Fadel bilang mulai tanggal 6 dan 7 April nanti. "Kita kirim pulang, tanggal 6, tanggal 7 kontainer berangkat," ujar Fadel usai pembukaan rapat pimpinan Kadin, Jumat (1/4).
Dengan demikian, bulan ini tidak ada lagi kontainer berisi ikan ilegal di pelabuhan Tanjung Priok. "Akan bersih segera ," janji mantan Gubernur Gorontalo itu.

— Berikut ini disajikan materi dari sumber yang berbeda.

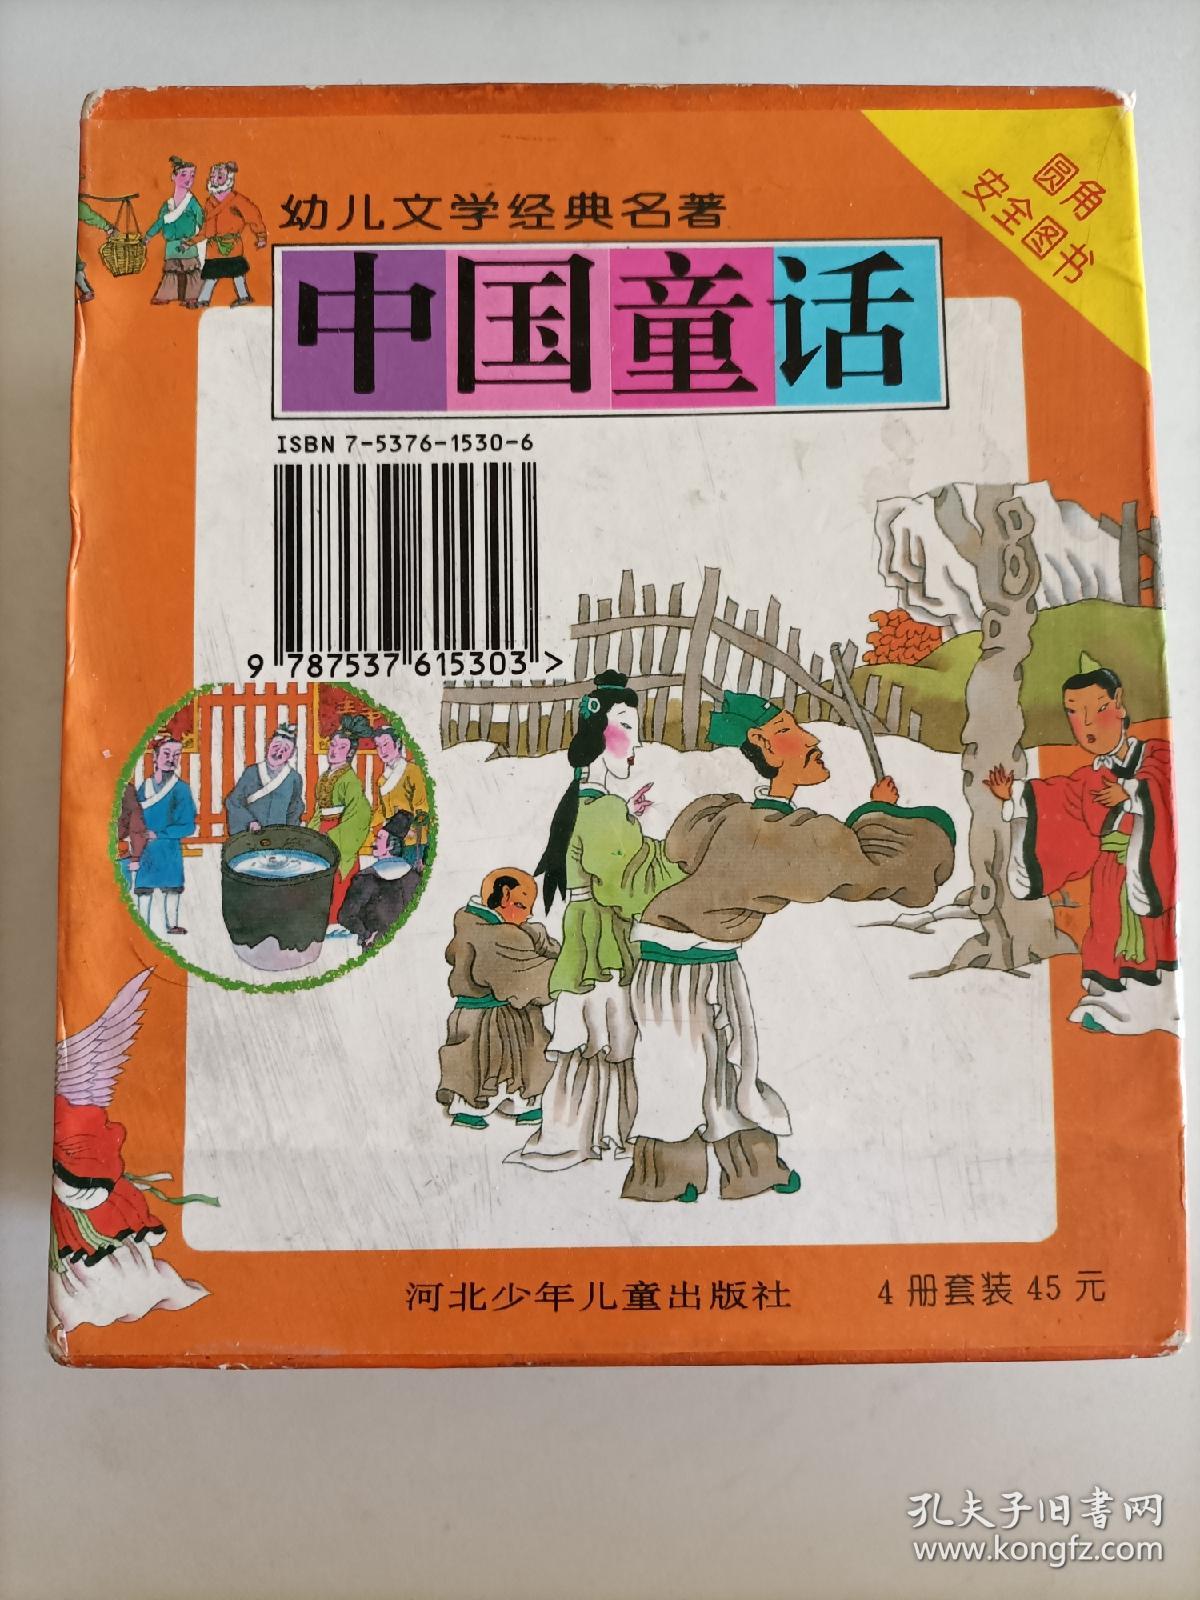 画说西游记(幼儿文学经典名著)精装全四册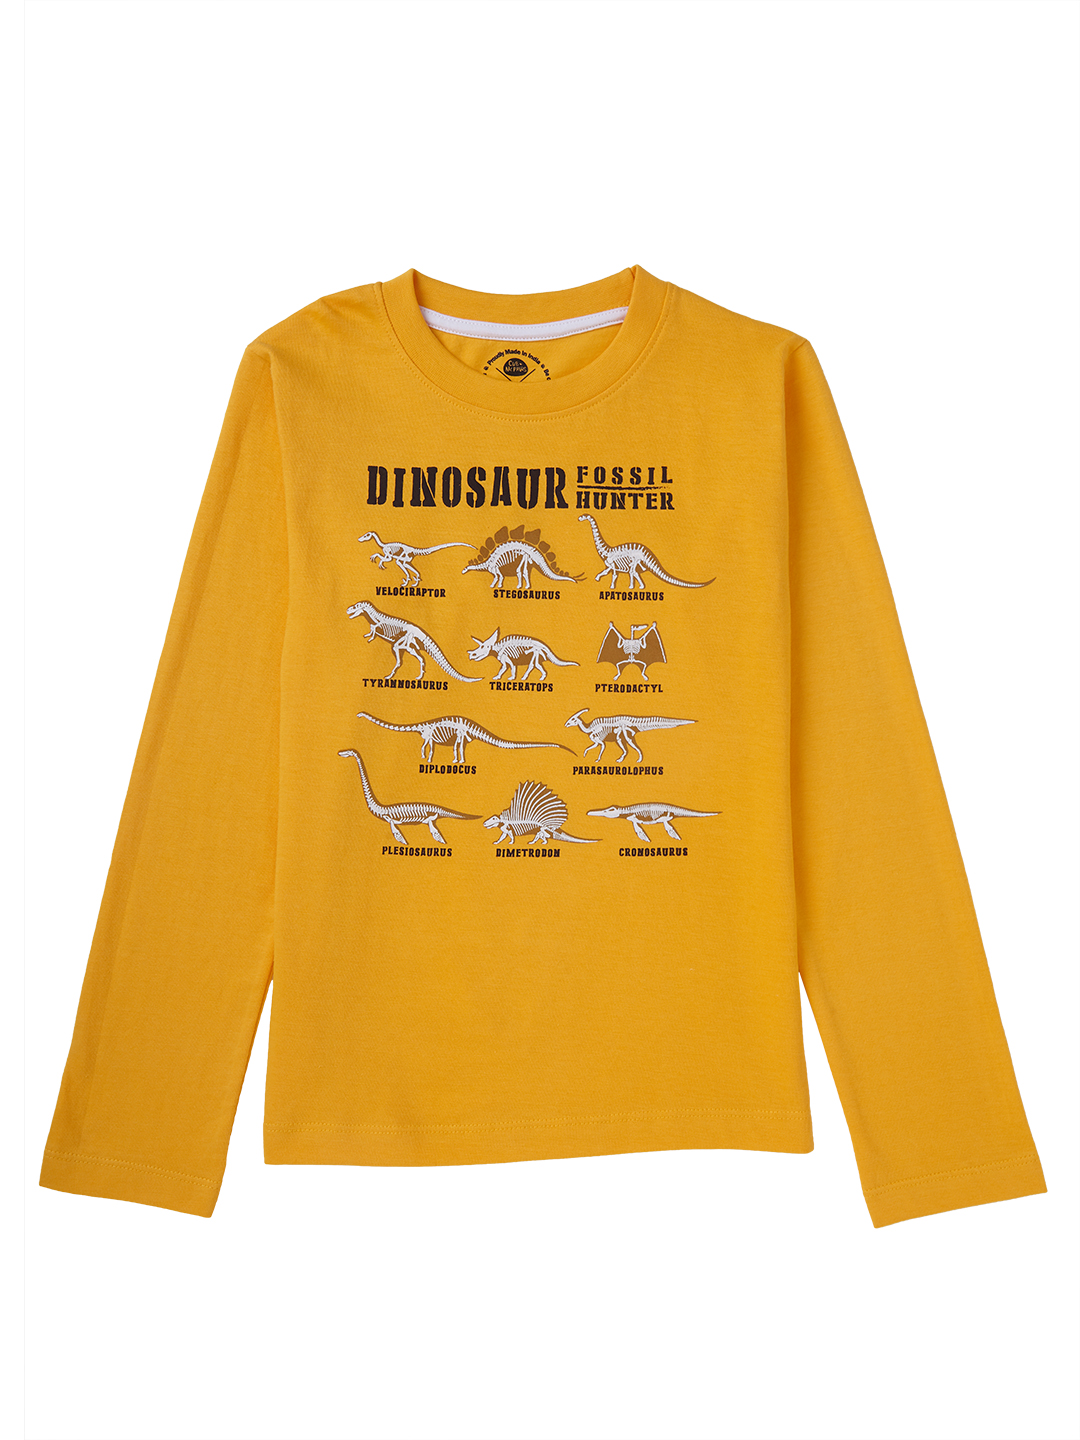 Brilliant Basics T-shirt for Boys  - Dinosaur Print

Sebagai informasi, pengawasan terhadap impor ikan mengacu pada Peraturan Menteri Kelautan dan Perikanan nomor 17 tahun 2010 tentang pengendalian mutu dan keamanan hasil perikanan yang diimpor ke Indonesia. Tujuannya mengendalikan impor ikan lantaran banyak impor ikan beku tanpa izin untuk perdagangan dan konsumsi di dalam negeri.
Pada 21 Maret lalu, Fadel berkunjung ke pelabuhan Tanjung Priok. Hasilnya, terdapat 15 kontainer atau setara 5300 ton ikan impor ilegal lantaran tidak memiliki dokumen resmi.
Ikan impor itu berasal dari China, Thailand, Vietnam, dan Pakistan. Cuma, sebagian besar barang impor itu adalah ikan kembung yang umumnya tersebar di kawasan perairan Indonesia.
Fadel menambahkan, pemerintah memang sedang menggalakkan investasi di sektor perikanan. Tapi, tidak mengizinkan impor-impor ikan kecuali memiliki izin resmi. Adapun ikan impor yang diizinkan antara lain jenis salmon, kamachi dan kampachi yang dipakai untuk bahan baku makanan di restoran.